__PROVIDED RECORDS__:
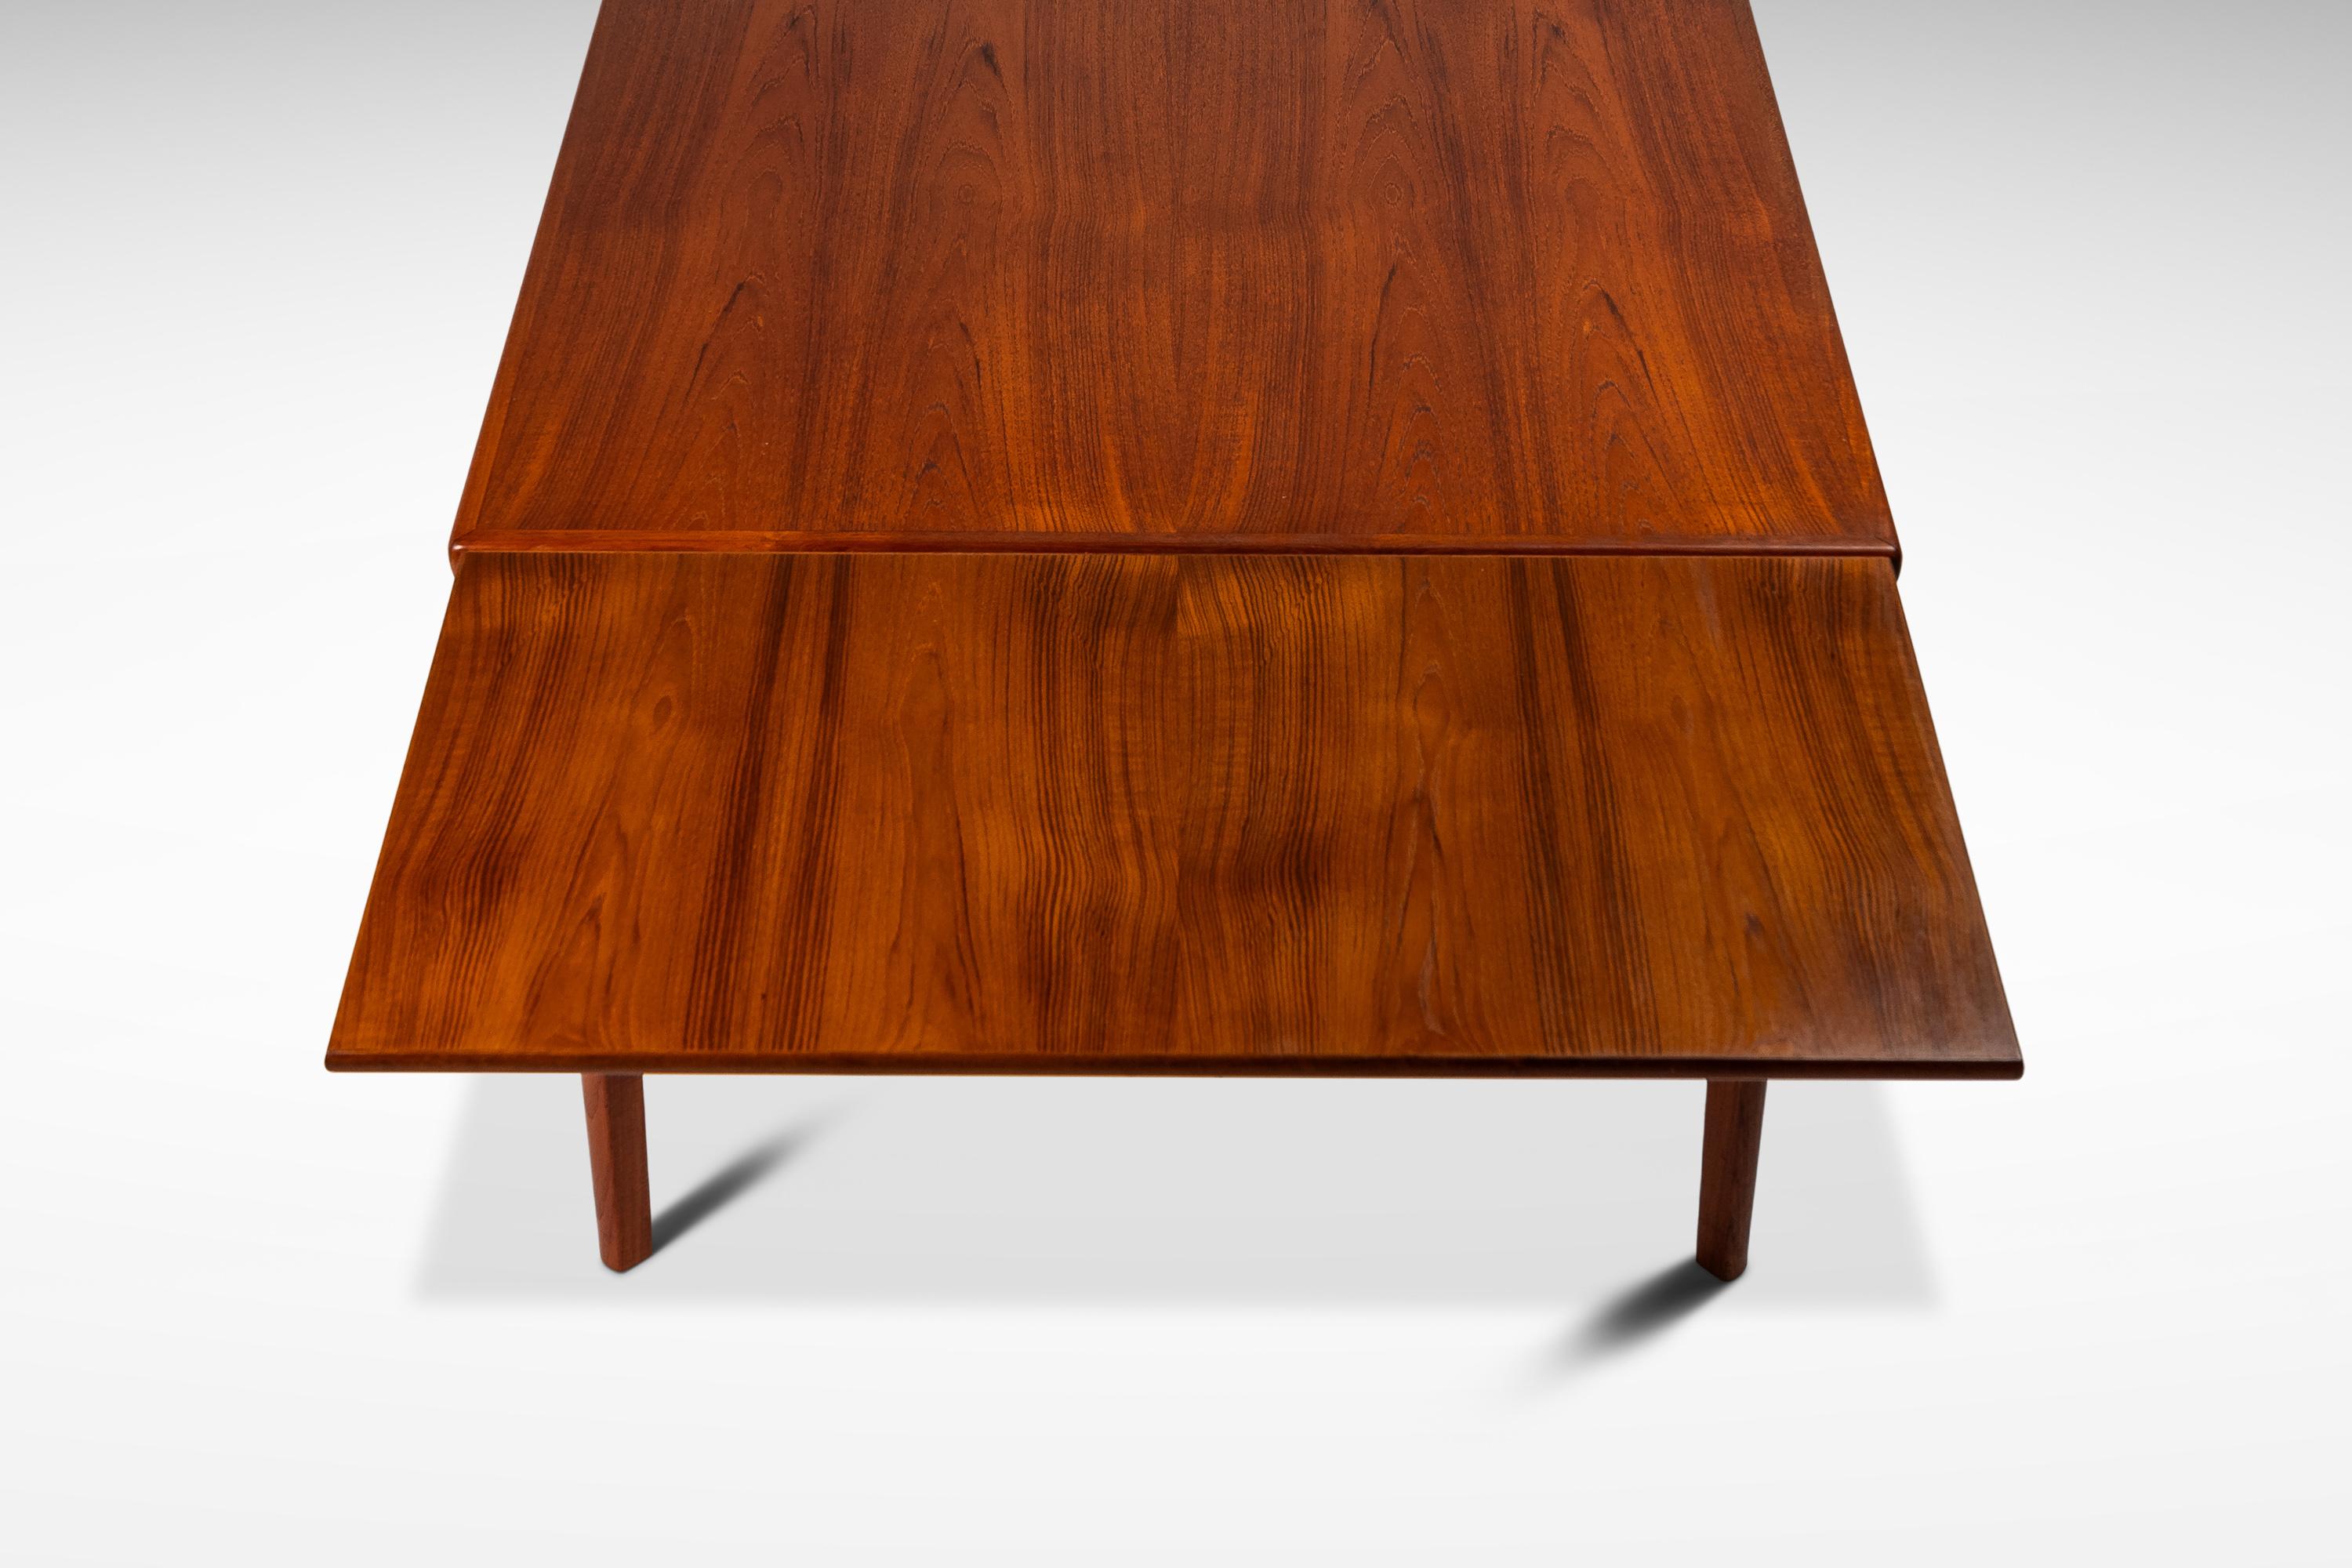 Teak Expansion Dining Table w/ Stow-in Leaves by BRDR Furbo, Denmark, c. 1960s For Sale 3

--

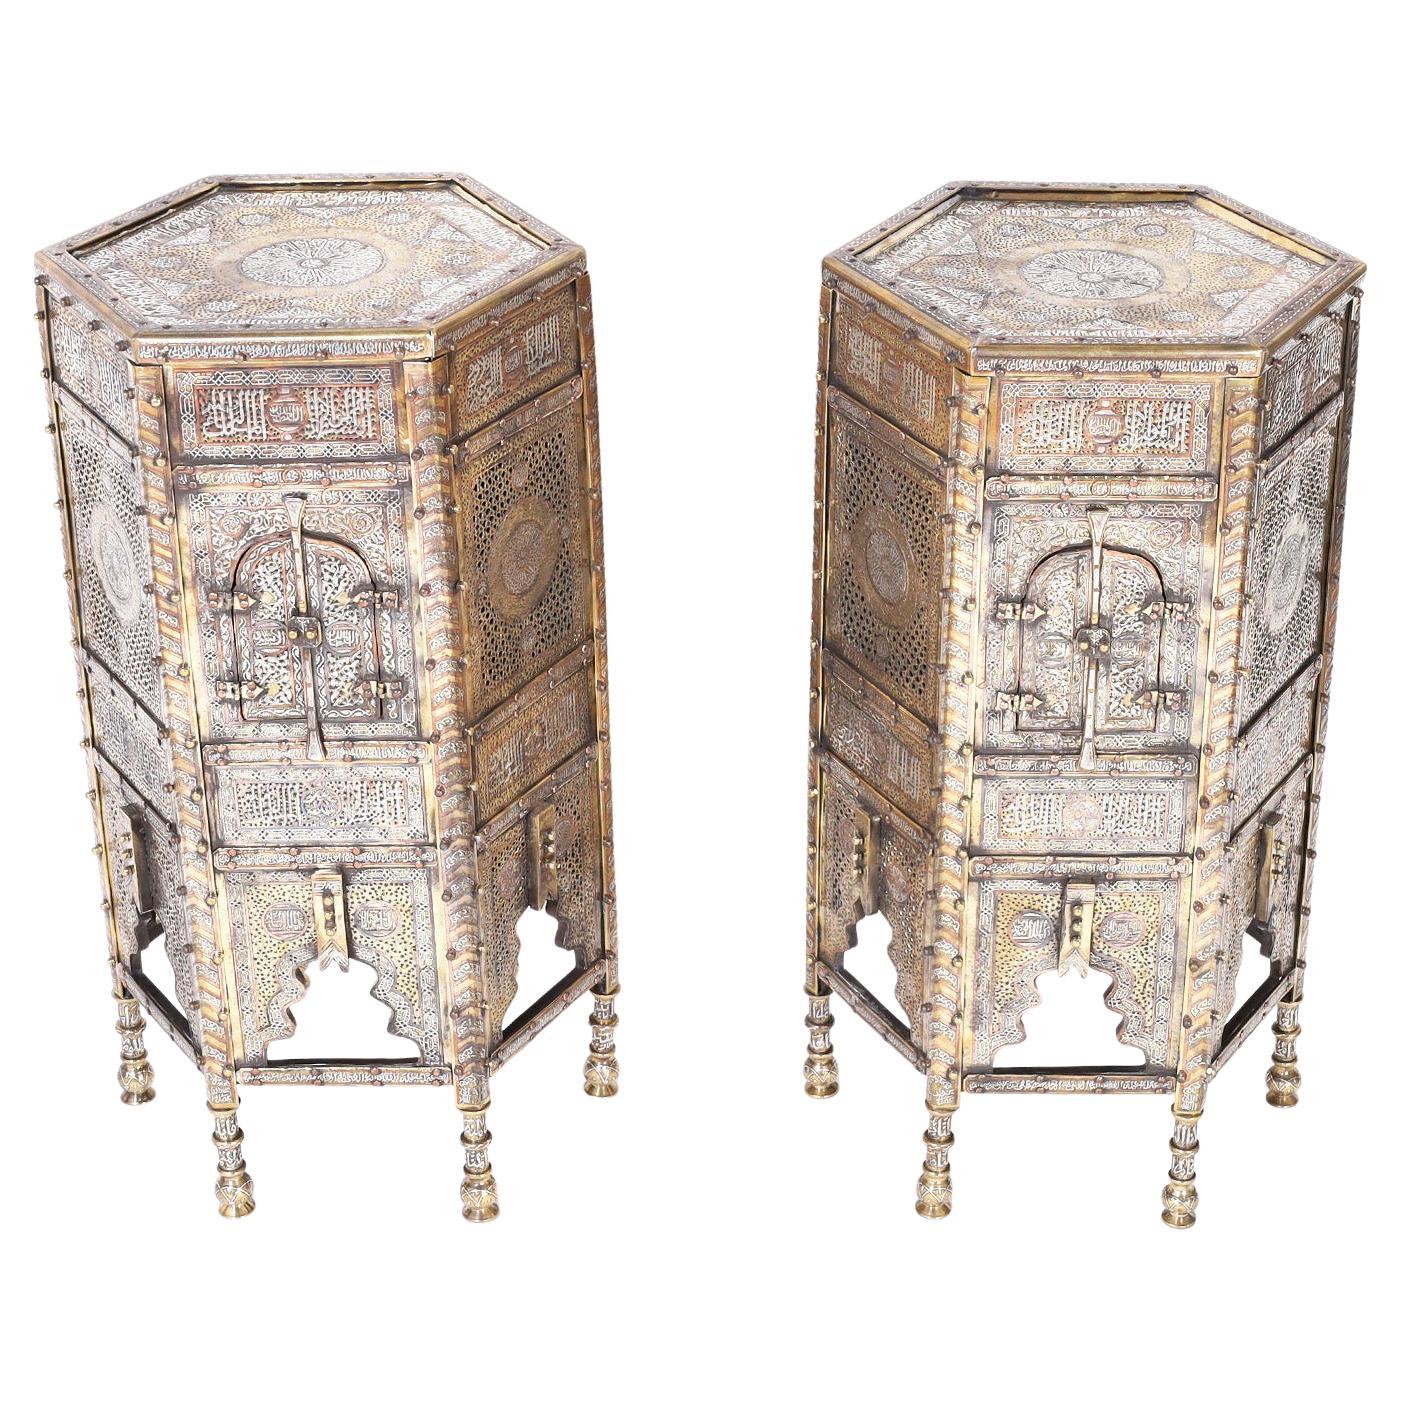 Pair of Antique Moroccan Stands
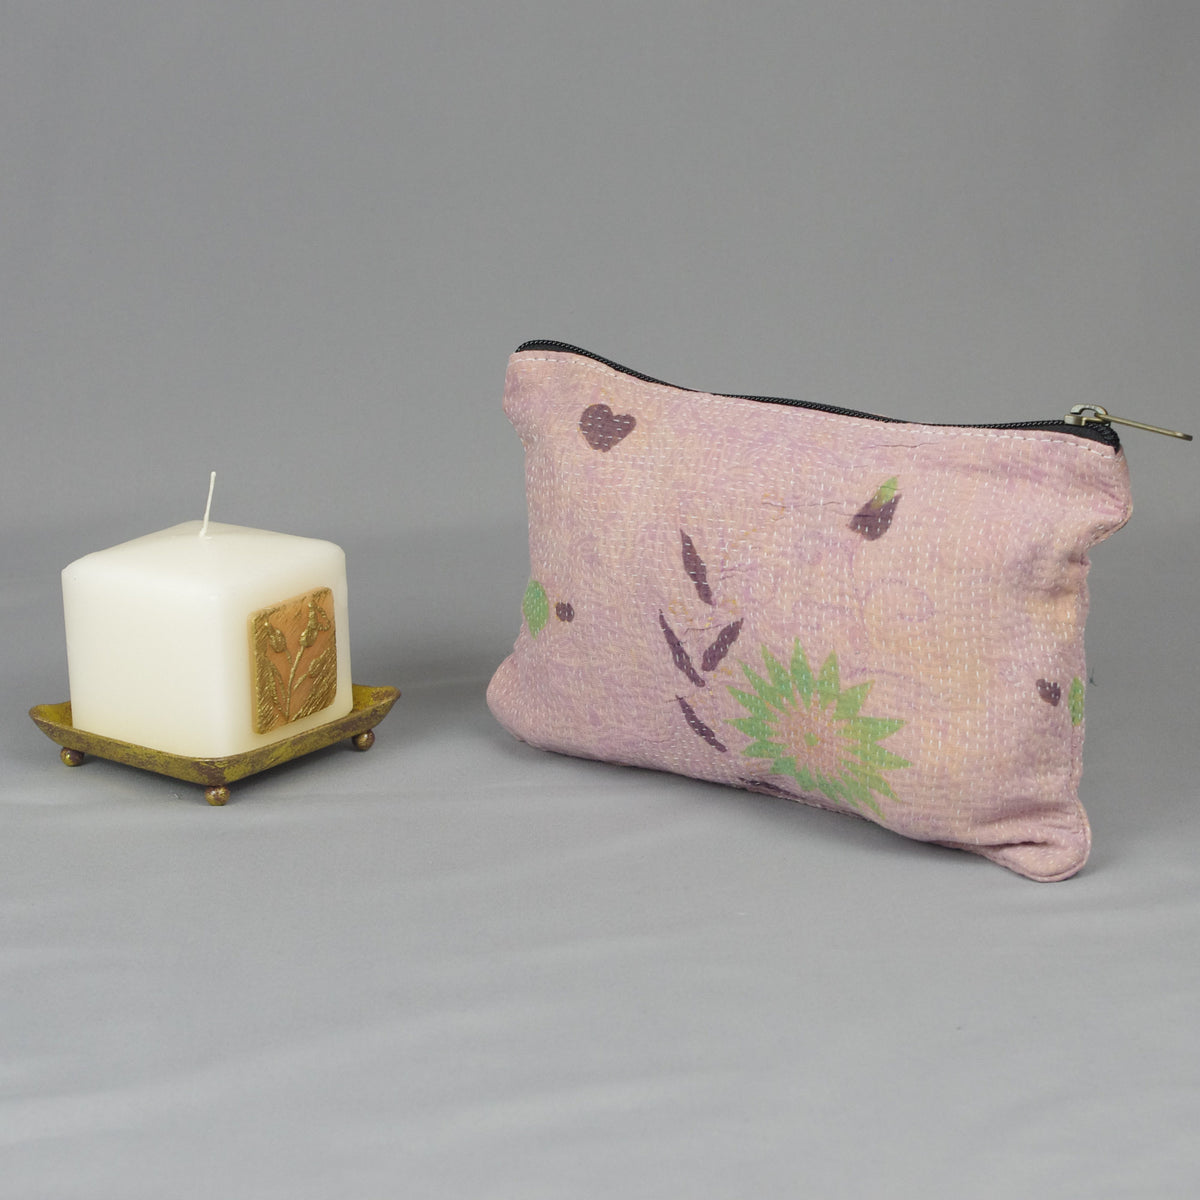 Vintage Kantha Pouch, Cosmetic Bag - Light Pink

__WHAT TO WORK ON__: Return word for word the lines of the listing above, starting at the line with "Pair of Antique Moroccan Stands" and ending at the line with "Vintage Kantha Pouch, Cosmetic", both included. Pictures do not belong in the copy.

__RESPONSE TO THIS TASK__:
 Pair of Antique Moroccan Stands
 Vintage Kantha Pouch, Cosmetic Bag - Light Pink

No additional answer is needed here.